Когда я днем прибегаю, Юлька уже не смотрит невидящими, совиными глазами. Она узнает меня и даже силится улыбнуться. Говорить она еще не может из-за слабости.
– Юлечко!.. – Томашова смотрит на Юльку и словно боится верить, что беда миновала.
В погреб спускается Степан Антонович. Он принес завязанную кисейкой кастрюльку. В ней – кисель с молоком. Сев около Юльки, он аккуратненько, не пачкая, кормит Юльку с ложечки киселем.
– Вкусно, Юленька?
Юлька слабо мигает.
– А теперь, – говорит папа, – спать! Все – и Юлька и Томашова – спать! Павел Григорьевич, сколько ночей вы не спали? Ступайте спать! Я каждый день хоть часок, да сплю! Мне ведь редко приходится ночью спать спокойно… Меня только этот дневной сон и спасает.
– Нет! – внезапно говорит Томашова. – Вас, пане доктор, другое спасает…
– Да? – смеется папа. – А что же, по-вашему, меня спасает?
– А то, – Томашова низко кланяется папе, – то, что вы людям – нужный человек…
Глава девятая
Новые люди, новые беды
Для того чтобы я не забыла немецкого языка, ко мне ежедневно приходит на один час учительница – фрейлейн Эмма Прейзинг. С первого взгляда она почему-то кажется мне похожей на плотно забитый ящик. Гладкие стенки, крепко приколоченные планки, что в этом ящике, неизвестно, – может быть, он и вовсе пустой. Ничего не видно в пустых серых глазах. Улыбаться фрейлейн Эмма, по-видимому, не умеет или не любит. Руки у нее неласковые, как палки. Она монотонно, в одну дуду, диктует мне по-немецки:
«Собака лает. Пчела жужжит. Кошка ловит мышей. Роза благоухает…»

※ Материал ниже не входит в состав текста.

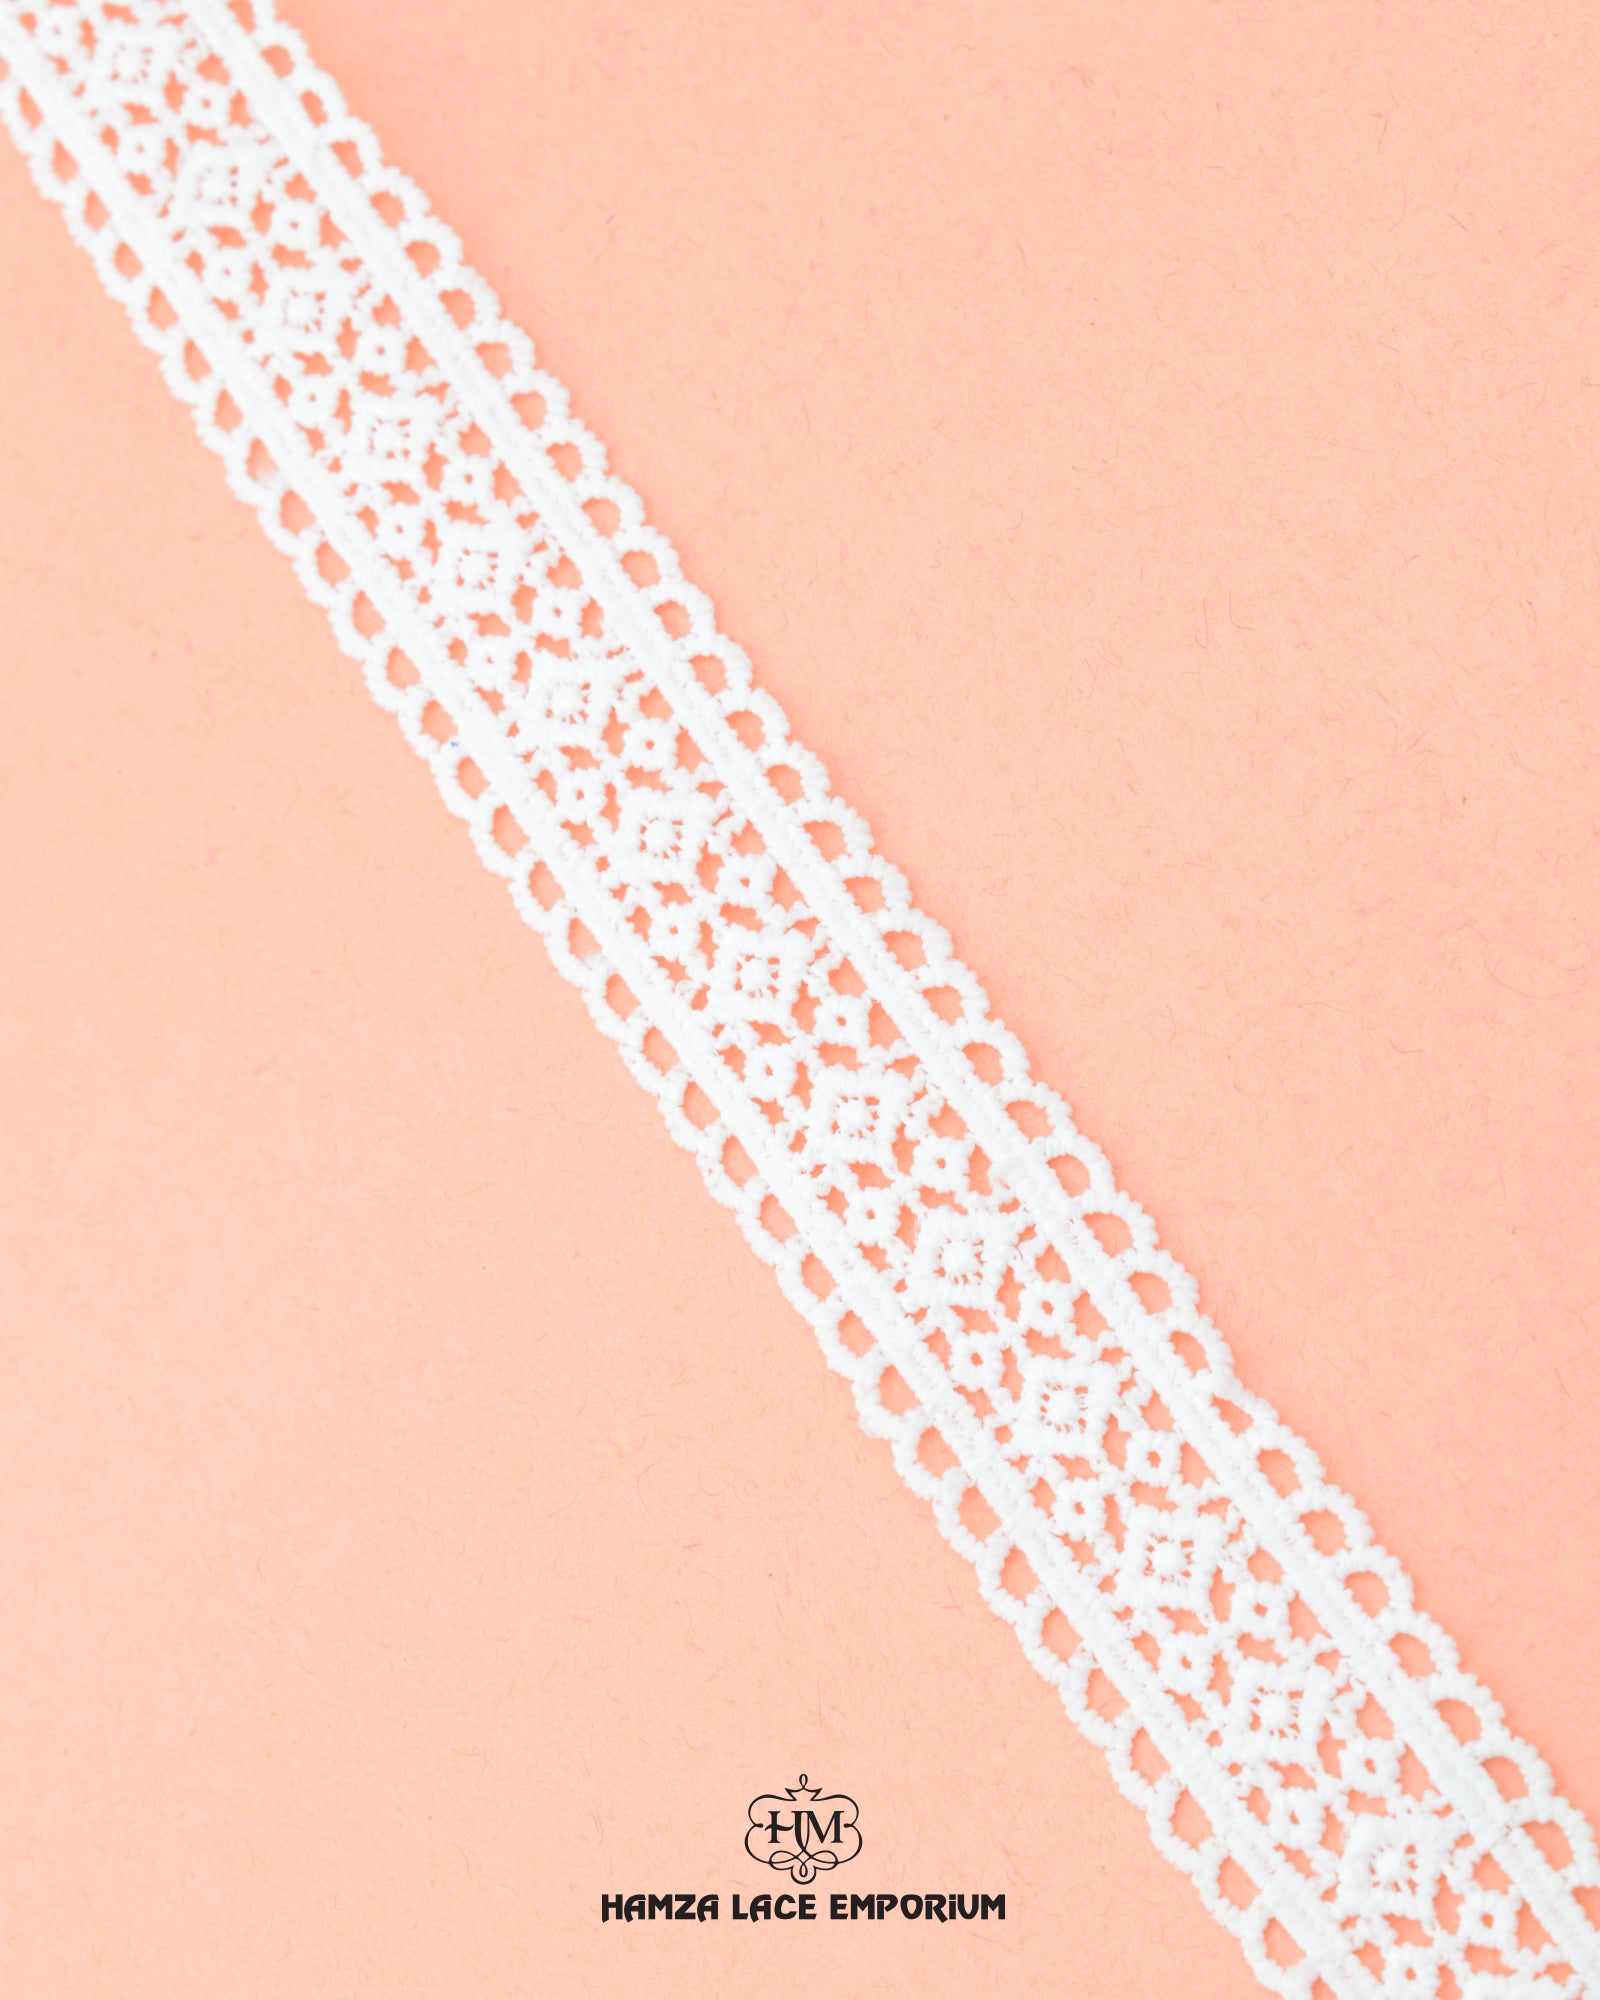 'Center Filling Lace 23421' is on a pink background and the Hamza Lace logo at the bottom

Это очень скучно. Единственное, что в первый день немного оживляет диктовку, – это то, что после каждой фразы фрейлейн Эмма говорит непонятное для меня (и, по-моему, неприличное!) слово «пукт».
«Мы учимся читать. Пукт. Моего маленького брата зовут Карл. Пукт. Я иду в сад. Пукт».

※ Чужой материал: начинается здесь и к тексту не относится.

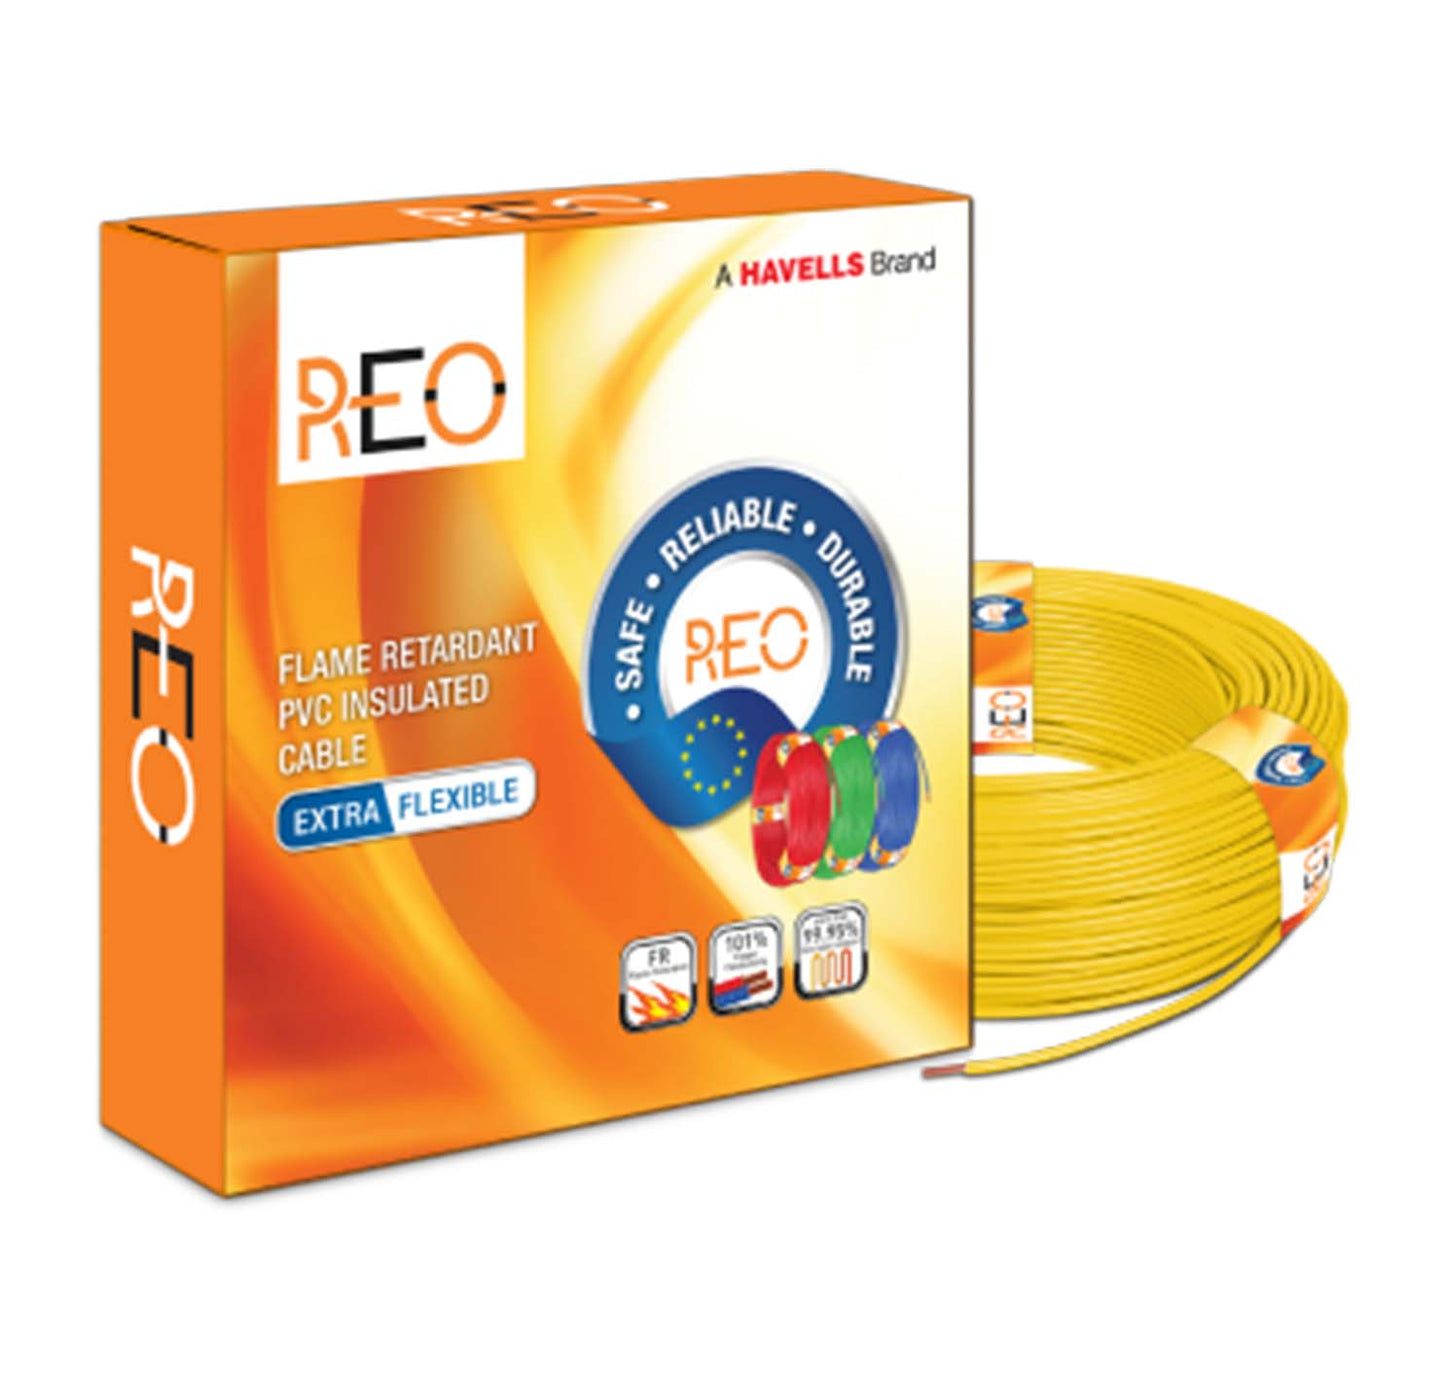 Havells Reo Flame Retardant PVC Insulated Cable - Yellow

Я добросовестно пишу везде немецкими буквами это непонятное «пукт»… Но когда диктовка кончается, то оказывается, что это слово произносится «пунктум» и означает «точка»: фрейлейн Эмма диктует фразы вместе со знаками препинания.
Вошедшая в комнату мама весело смеется над моей простотой. Но фрейлейн Эмма даже глазом не моргает, бровью не шевелит. Ей ничего не смешно – ящик, заколоченный ящик, а не человек! Но вот через несколько дней ящик спрашивает меня во время урока:
– Скажи-ка, когда ты написала в диктовке двадцать раз слово «пукт», ты сделала это нарочно?
Глаза фрейлейн Эммы смотрят на меня из ящика, как пробочники, – они сверлят меня насквозь.
– Нет, я это сделала не нарочно. Я не знала слово «пунктум» и написала «пукт»: мне так послышалось.